Мы пробрались сквозь толпу поближе и пытались разглядеть лица счастливчиков, которым удалось вернуться домой.
Настя дергала меня за подол и приговаривала:
— Ну что там? Марьюшка, ну посмотри, я не вижу… Есть там папенька? — она подпрыгивала на месте от нетерпения.
Я тянула шею:
— Кажется, что нет… — я вздохнула, — Но ведь, если эти домой вернулись, то и отец вернется, правда? — я пыталась утешить Настю, но сама чуть не плакала от разочарования и боли, — Пойдем, Настя, домой.
Мы с Настей развернулись и медленно пошли в сторону дома, Настя тихонько плакала, я обнимала ее за плечи и старалась не заплакать тоже.
— Настя, Марья, — вдруг услышали мы слабый голос и посмотрели друг на друга, словно боялись, что это нам чудится, но вот опять нас окликнули, — Дочки, идите скорее ко мне.
Мы бросились на голос и… увидели отца. Он сидел в стороне от всех, прислонившись спиной к дереву и слезы катились по его худому и черному от пыли лицу.
Не сдерживая больше слезы, мы с Настей кинулись в объятия отца. Настя рыдала в голос:
— Папенька, родненький, я всегда знала, что ты живой!
Отец гладил нас по головам и прижимал к себе.
— Отец, пойдемте скорее, что же мы сидим, — я потянула отца за руку, — Вот маменька обрадуется!
Отец криво улыбнулся:
— Погоди, не спеши, — он стал неловко вставать, хватаясь руками за ствол дерева, — Я теперь не так резво бегаю, как бывало.
Мы увидели, что правая нога отца замотана тканью и кровь проступает сквозь повязку.
— Вы ранены? — испугалась я, — Надо попросить кого-нибудь, чтобы вас отвезли…
Я оглянулась по сторонам и увидела дружинника князя, который был в числе тех, кот спас меня из плена.
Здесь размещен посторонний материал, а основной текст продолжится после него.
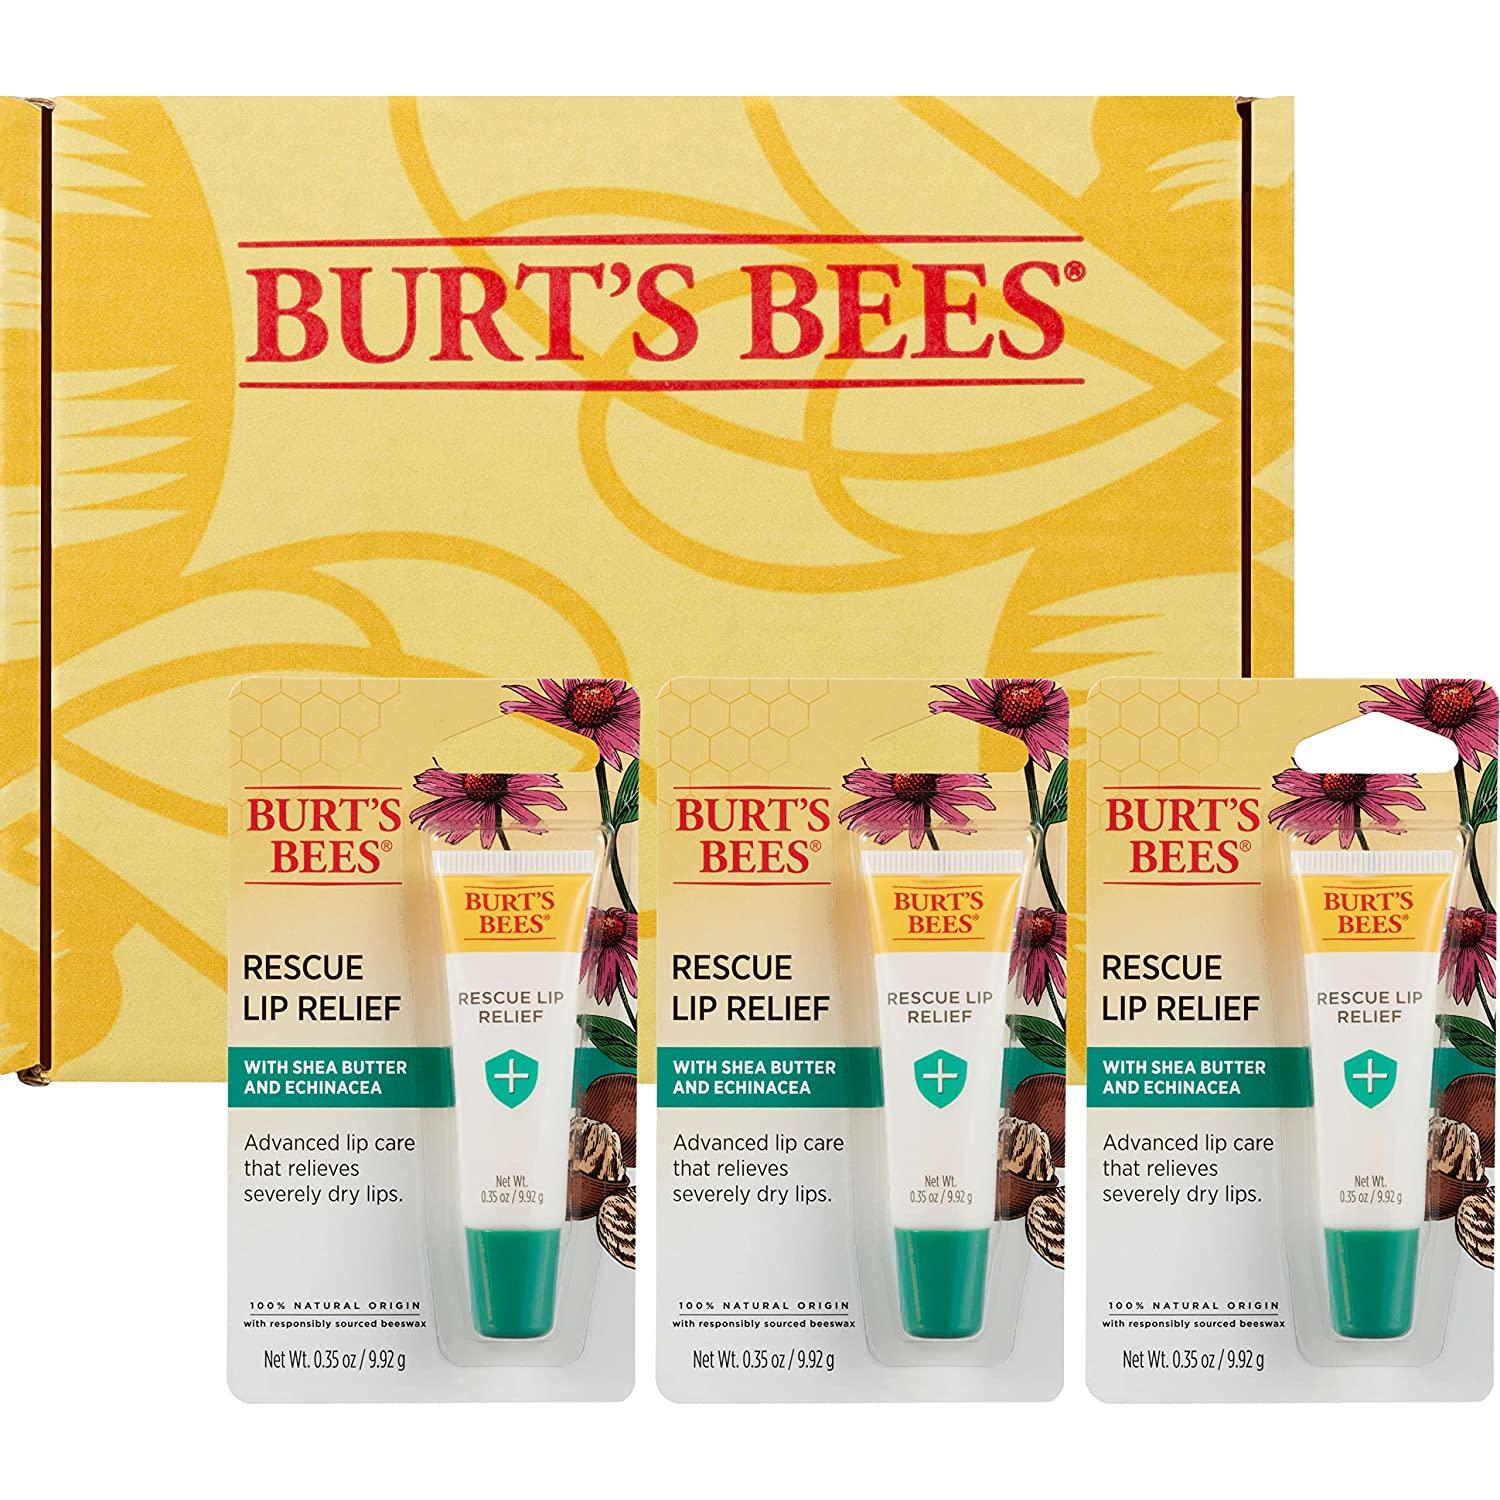 Burt's Bees 100% Natural Moisturizing Lip Balm, Variety Pack, 4 Count
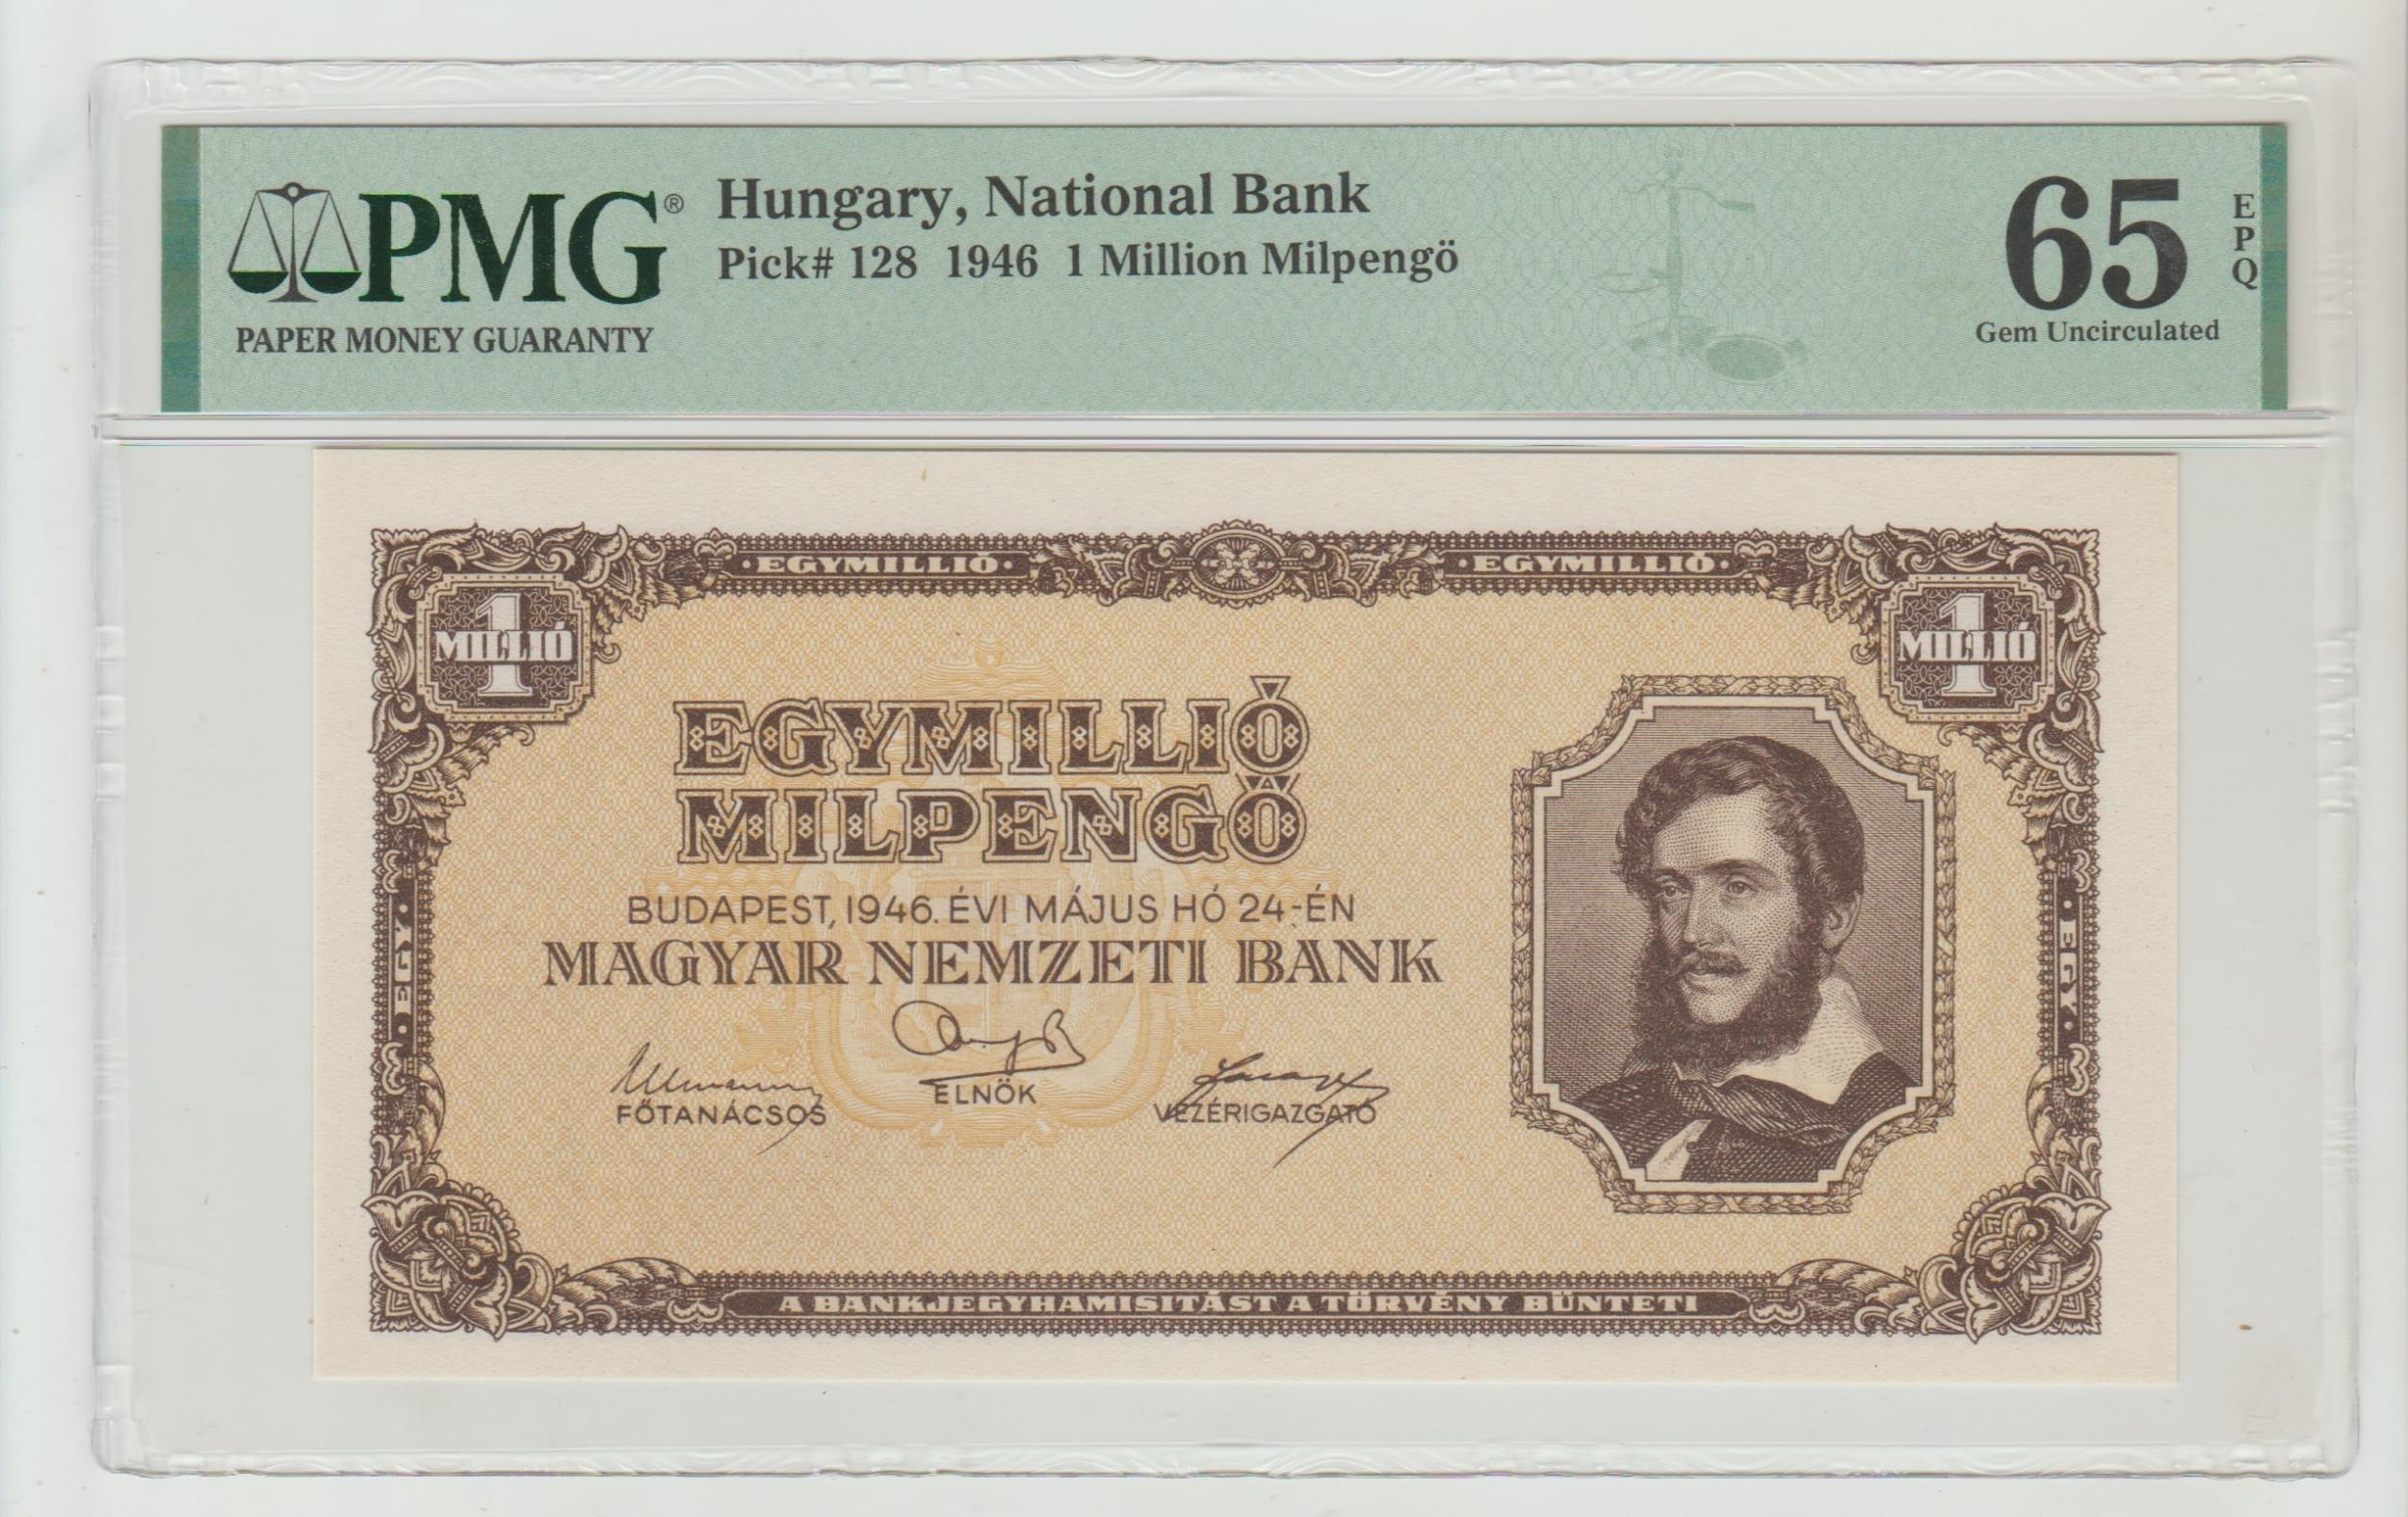 Hungary, 1 Million Milpengö, 1946 year

Он подошел к нам, посмотрел на отца и тут же привел своего коня. Мы усадили отца в седло и дружинник медленно повел коня к нашему дому. Я видела, что отец держится из последних сил, видимо боль его сильно мучила, он был смертельно бледен, его лоб покрылся испариной, он тяжело дышал и скрипел зубами, чтобы не стонать в голос.
Мы подошли к дому. Осторожно помогли отцу спешится, дружинник закинул руку отца на свое плечо и занес его в дом.
Маменька и Матвей, который уже вернулся домой, кинулись обнимать отца, маменька плакала и гладила его по плечам и лицу, Матвей тоже прослезился, он похлопывал отца по спине, приговаривая:
— Вот ведь как бывает, наконец-то, дождались мы…
Я остановила всех.
— Постойте, мы должны посмотреть, что там с ногой, — я взглянула на отца, — Отец, вас ранили?
Отец кивнул:
— Полоснули ножом, да видать грязь попала, под конец пути меня мужики на себе волокли, — он тяжко вздохнул, — Спасибо, что не бросили.
Мы осторожно размотали тряпицу, намотанную вокруг раны и я прижала руку к губам, чтобы не вскрикнуть.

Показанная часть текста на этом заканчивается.